- Kherali Location in Gujarat, India Kherali Kherali (India)
- Coordinates: 22°41′0″N 71°36′0″E﻿ / ﻿22.68333°N 71.60000°E
- Country: India
- State: Gujarat
- District: Surendranagar

Languages
- • Official: Gujarati, Hindi
- Time zone: UTC+5:30 (IST)
- Vehicle registration: GJ-13
- Coastline: 0 kilometres (0 mi)
- Nearest city: Surendranagar
- Website: gujaratindia.com

= Kherali =

Kherali is a village in Surendranagar district in the Indian state of Gujarat. It comes on the way from Surendranagar to Limli, and this route leads to Muli. It has population close to 6,000-10,000. The village is grown around one abandoned palace. The village has got one big lake and many other wells including one stepwell. It has few temples including two Swaminarayan temple, Rama temple, krishna temple, shaktimaa temple and one well-built mosque. There
are also government and one private school also . The village is mostly surrounded by farms. The population mostly depend on farming, and young generation go for jobs and business to Surendranagar and around cities. The main crops are wheat, cotton, ground-nuts, and sesames.

== Places of interest ==
Kherali Vav or Rajbai Vav is a stepwell located in the village.
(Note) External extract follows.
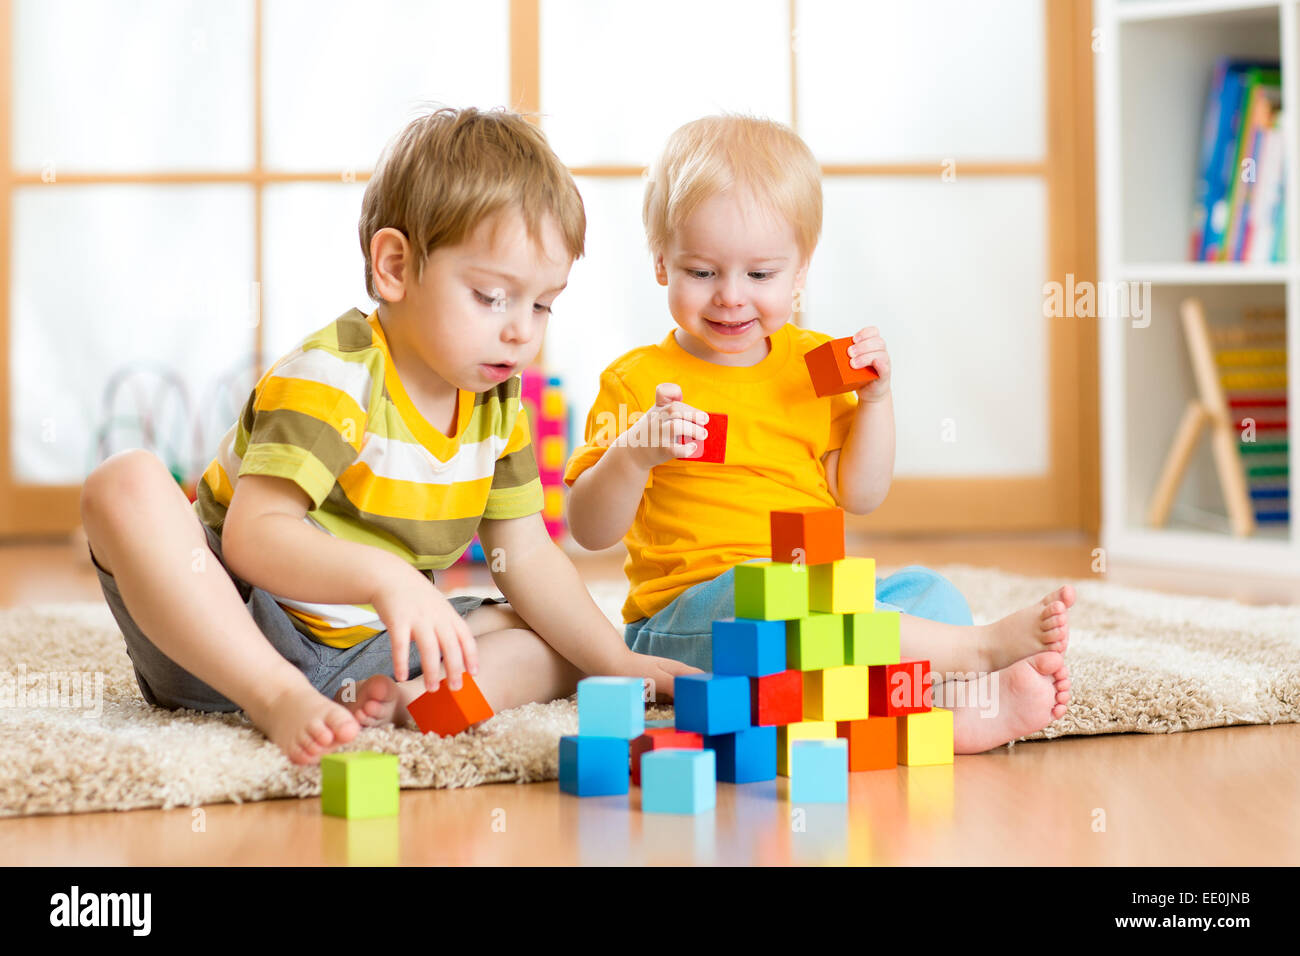 Kids playing in the room Stock Photo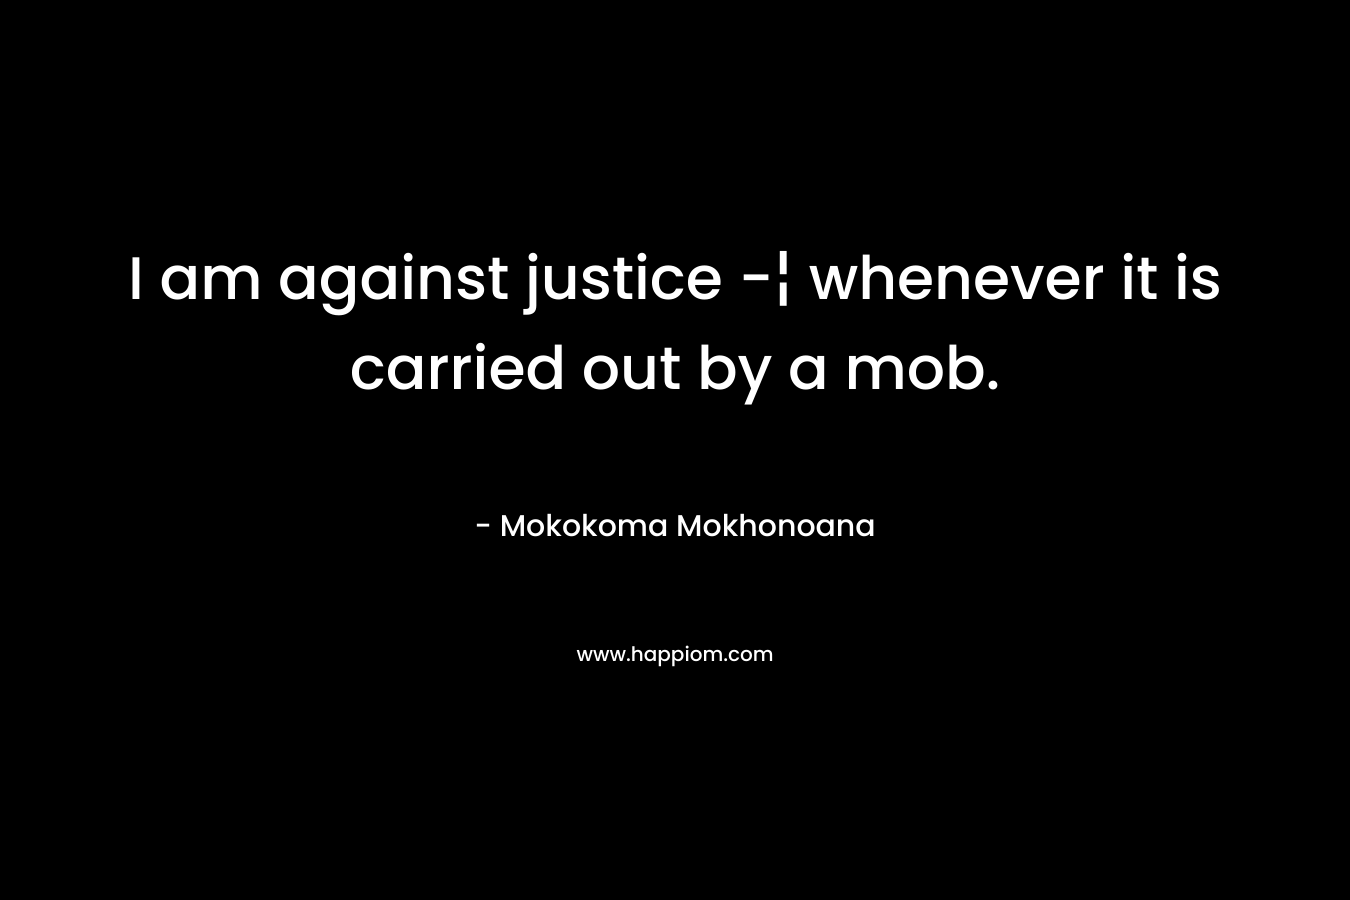 I am against justice -¦ whenever it is carried out by a mob. – Mokokoma Mokhonoana

There is an inscription in Sanskrit language and Devnagari script in the stepwell which notes that it was built in 1463. According to folklore, it was built by Paramara ruler Jagdev's minister Lakhdhirsinh, in memory of his wife. According to the inscription, her name was Vejaldevi. The stepwell has seven storeys. It has 108 steps and is 110 feet deep. In the first pavilion-tower of the stepwell, there are statues of goddess Matri and Chamunda in the niches.